Craving a night's sleep in a less conventional setting? Airbnb now includes accommodations inside a nuclear missile silo.
The Subterra Castle, as it's listed on Airbnb, sits about 15 miles outside Topeka, Kansas, and has a "nice, cozy feeling in the fall and winter months," as the listing's host, 37-year-old Matthew Fulkerson, told the Topeka Capital-Journal. But 65 years ago the converted Cold War–era silo housed an intercontinental ballistic missile with a warhead 32 times more powerful than what the United States dropped on Hiroshima, Fulkerson told the newspaper. The decommissioned Air Force base was operational from 1961 to 1965.

"The guys who lived here thought they would have to launch this missile at any moment," Fulkerson told the Capital-Journal. "Then, after it was abandoned, it sat here vacant for years."
Fulkerson, who holds a degree in hotel management and hospitality, is a neighbor of the people who actually own the property.

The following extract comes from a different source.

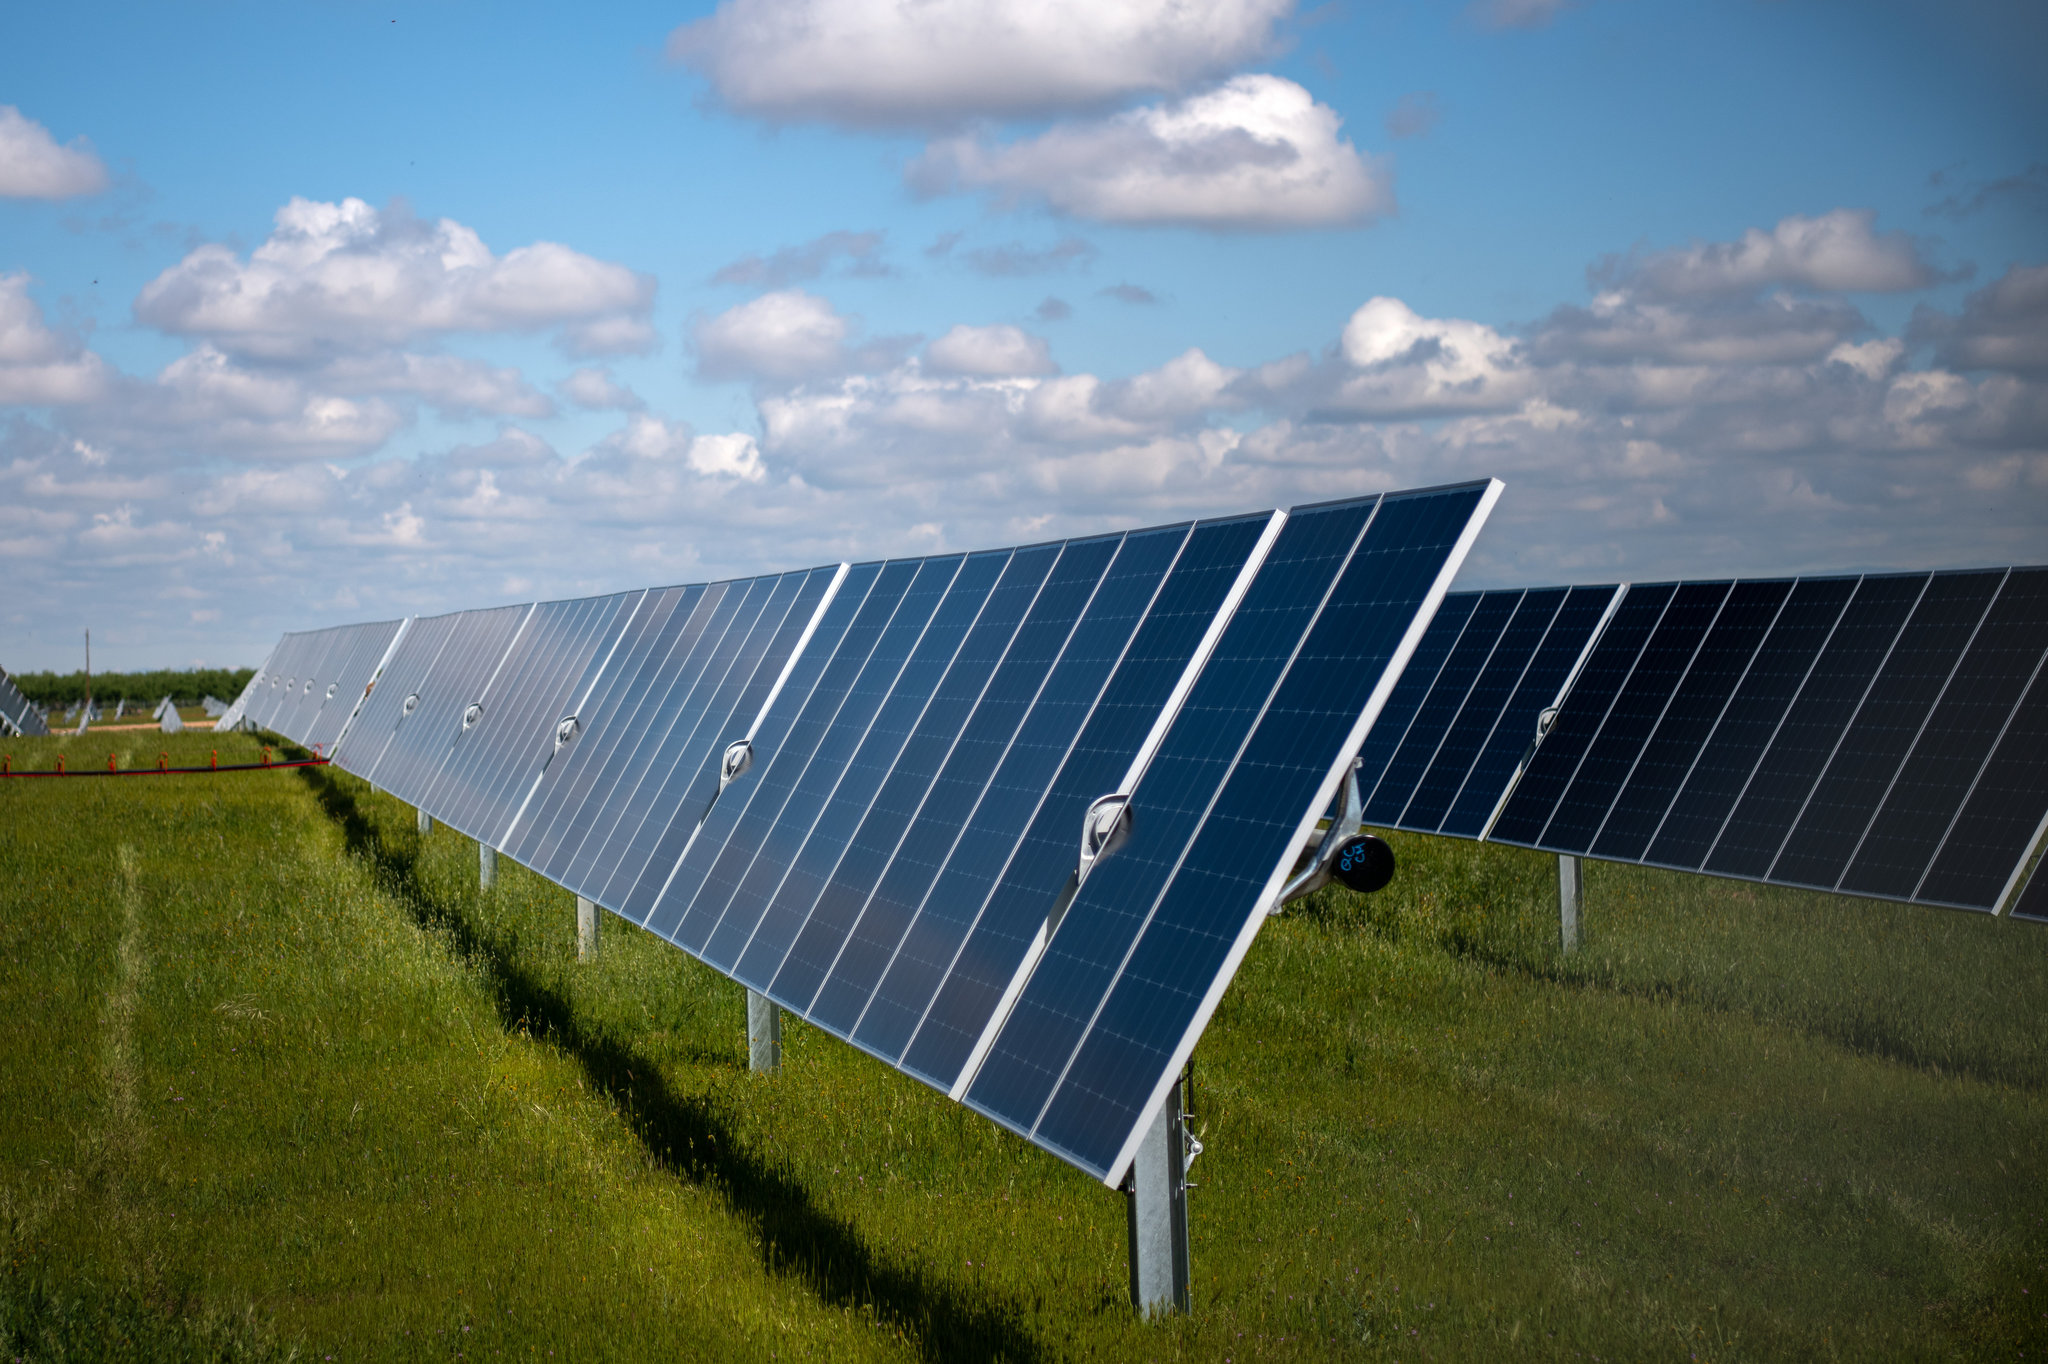 Macquarie's GIG launches new European solar energy company, Cero Generation

Ed and Dianna Peden have lived in the converted base since 1994. Fulkerson told the Capital-Journal that Ed Peden was responsible for transforming the base from something completely uninhabitable (more than eight feet of water filled its lower level) into the underground mansion that attracts tourists today.
"I first came across it when I was about 10 years old," Fulkerson told the Capital-Journal. "I was exploring the Flint Hills and all of a sudden I came to this paved road in the middle of nowhere—high-security fence with barbed wire on top. And then this road comes down to a 47-ton blast door, and I was so intrigued."
Decommissioned nuclear missile silos are often dismantled, their land put up for sale again. In 2014, 50 Montana silos were filled in and their launch facilities were removed in a process that, according to the Missoulian, involved hazardous materials surveys.
Subterra itself is one of nine former missile silos encircling Topeka, and 72 total Atlas silos across the country. Although it's the first such silo on Airbnb, a number of others have been converted into homes or museums. Since 2012, the luxury Survival Condo resort has been remodeling former Atlas missile silos into spaces where those seeking to ride out some sort of nuclear winter can do so comfortably.
"I see it as becoming a destination," Fulkerson told the Capital-Journal. The property is 20,000 square feet, 18,000 of which are underground. "[S]ome people really want the experience of sleeping underground."